Task brief:
The task for the listing below is to write out exactly the lines starting at the one containing "FENDI Celeria Shoulder" and ending at the one containing "26847 / ⭐ POMPEI", both included. Pictures are to be omitted.

Dataset records:

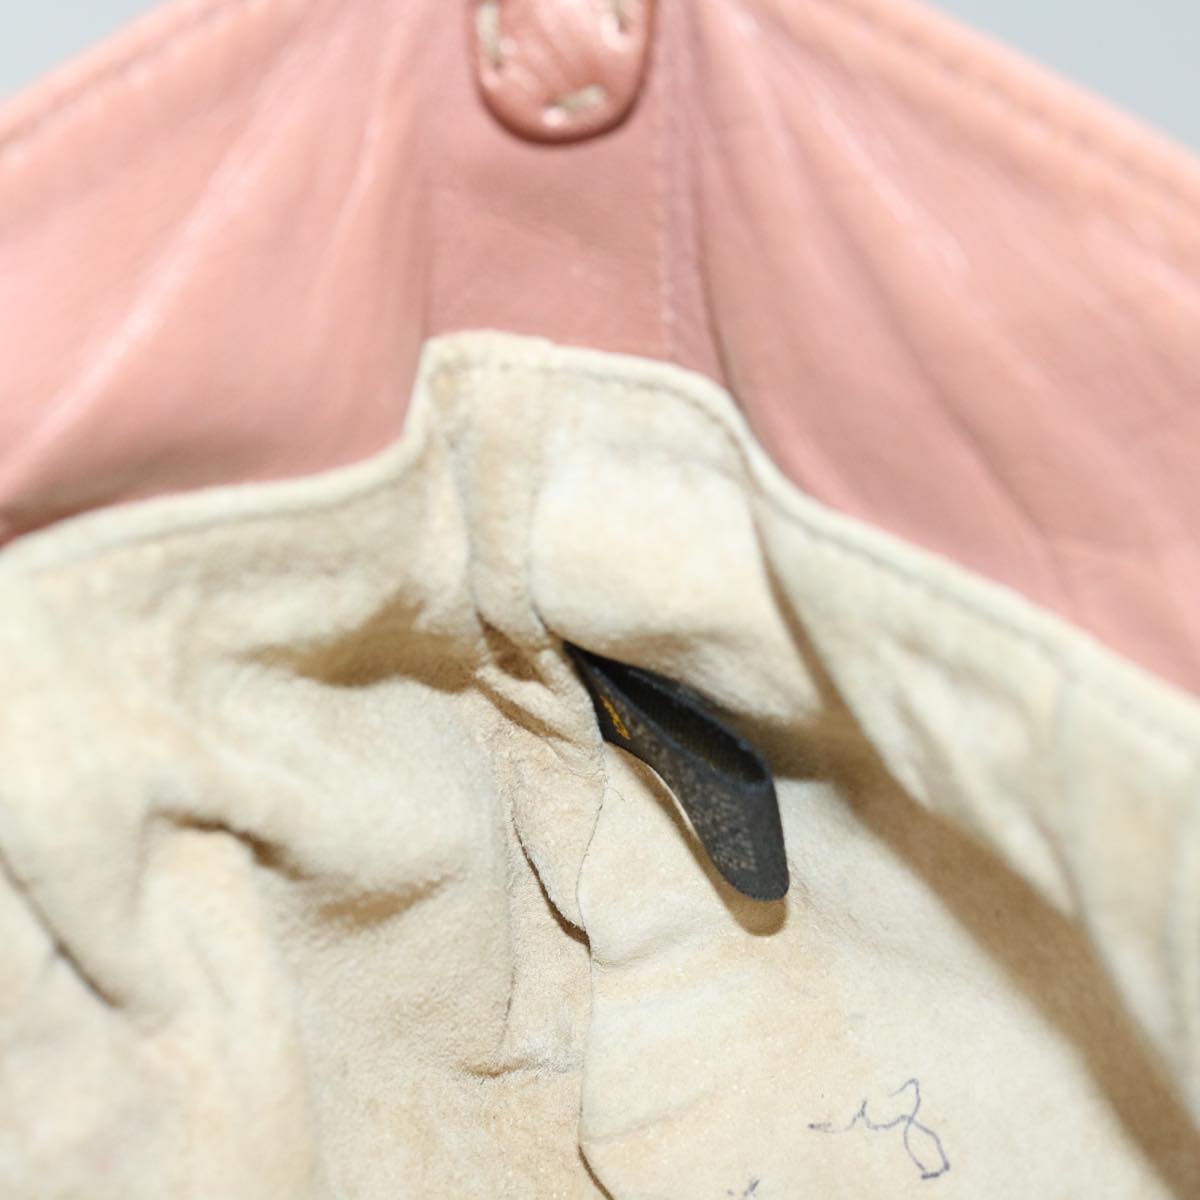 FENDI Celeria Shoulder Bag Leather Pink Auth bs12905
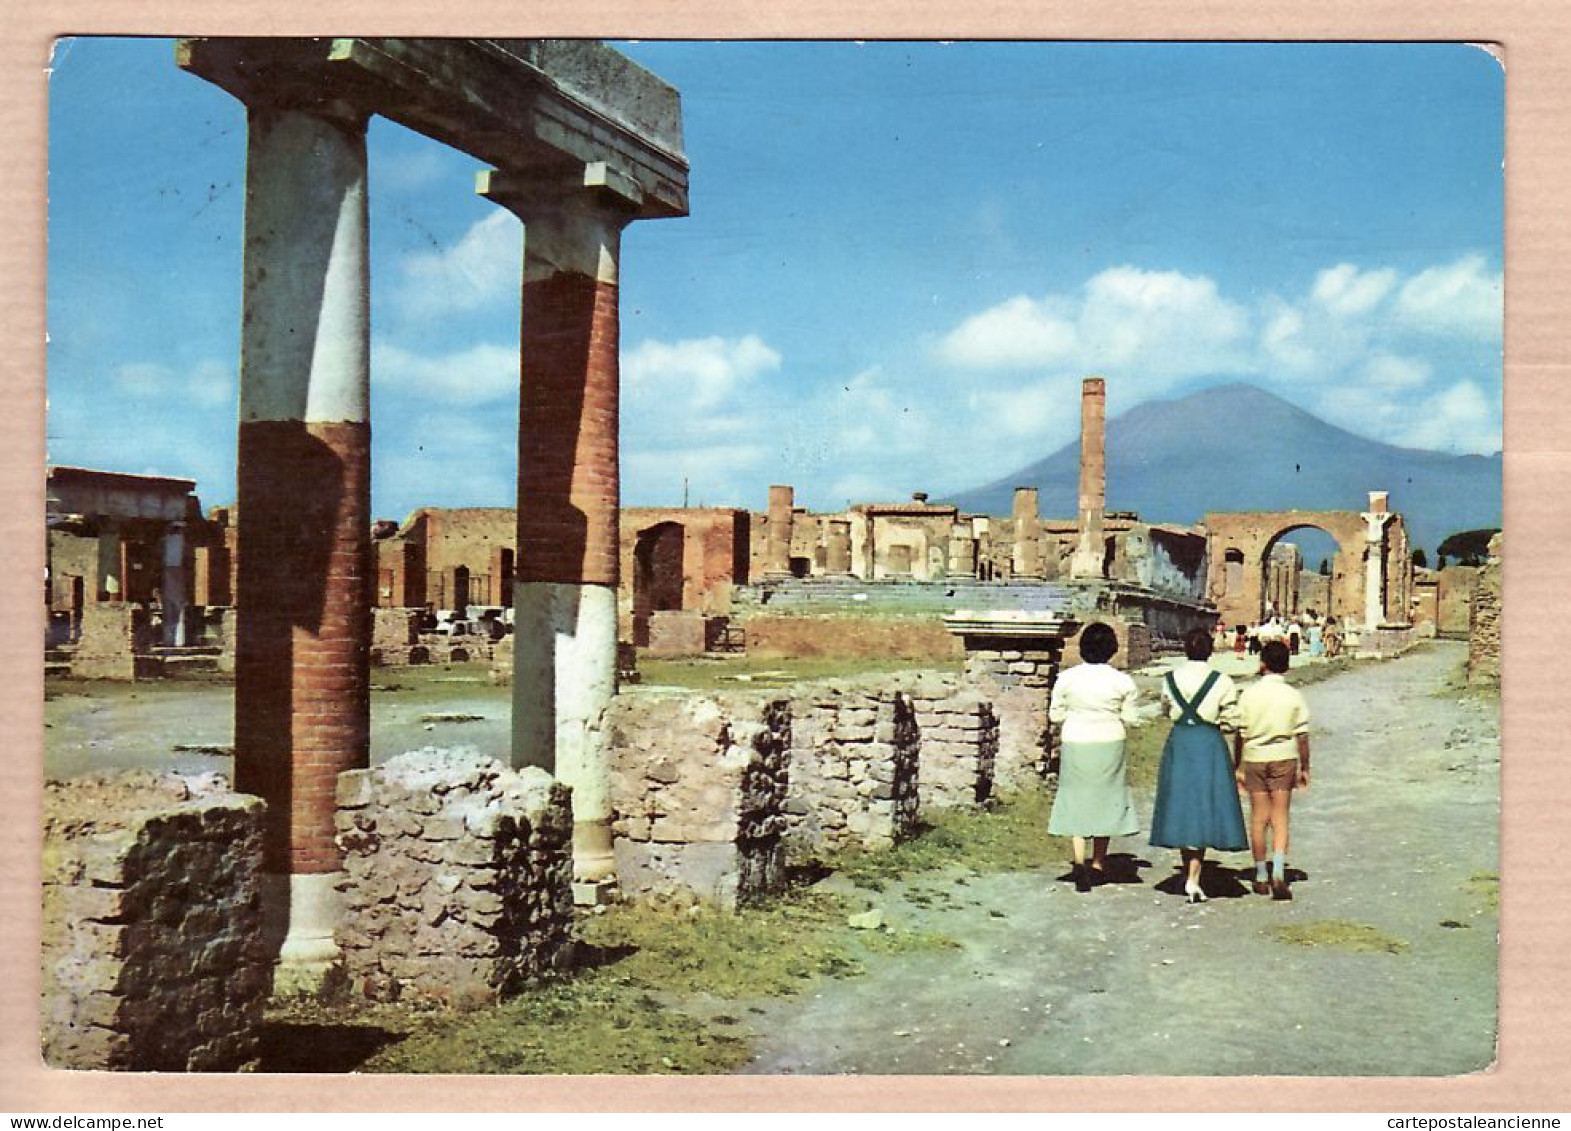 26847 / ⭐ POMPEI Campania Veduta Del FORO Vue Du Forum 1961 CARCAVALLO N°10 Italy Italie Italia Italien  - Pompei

* * *

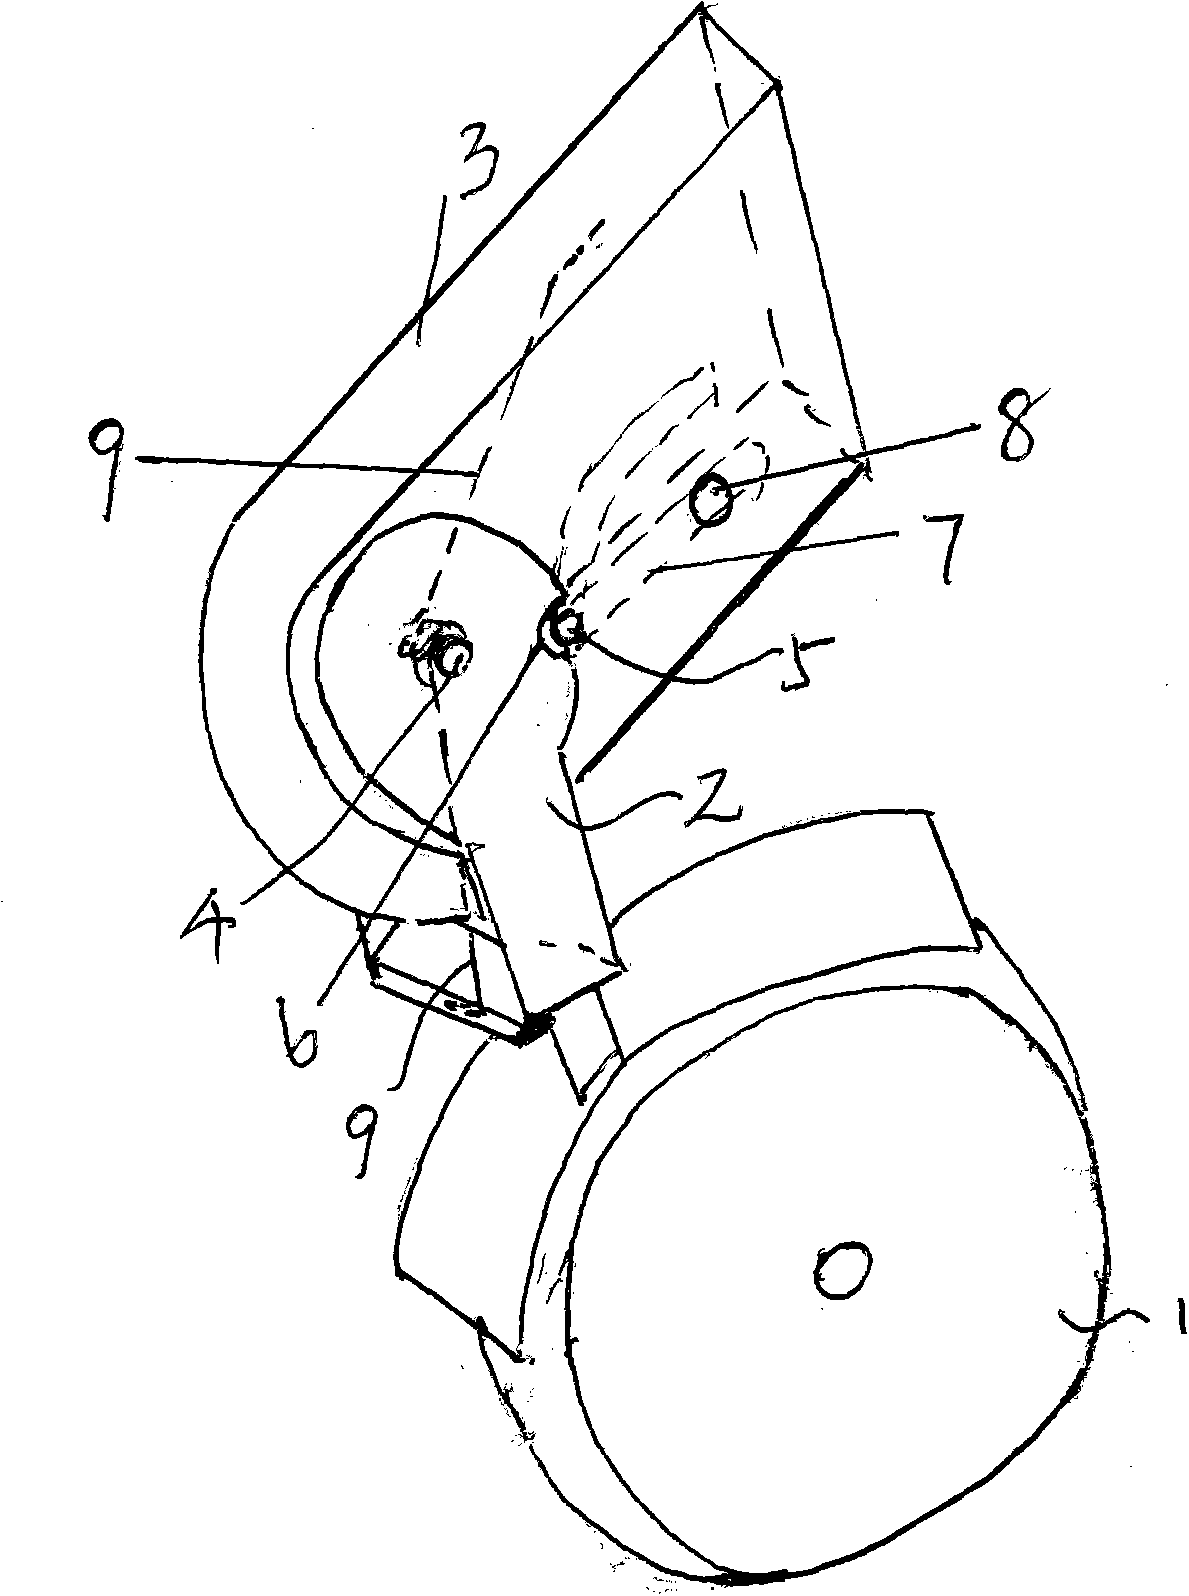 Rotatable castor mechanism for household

Your response:
 FENDI Celeria Shoulder Bag Leather Pink Auth bs12905
 26847 / ⭐ POMPEI Campania Veduta Del FORO Vue Du Forum 1961 CARCAVALLO N°10 Italy Italie Italia Italien  - Pompei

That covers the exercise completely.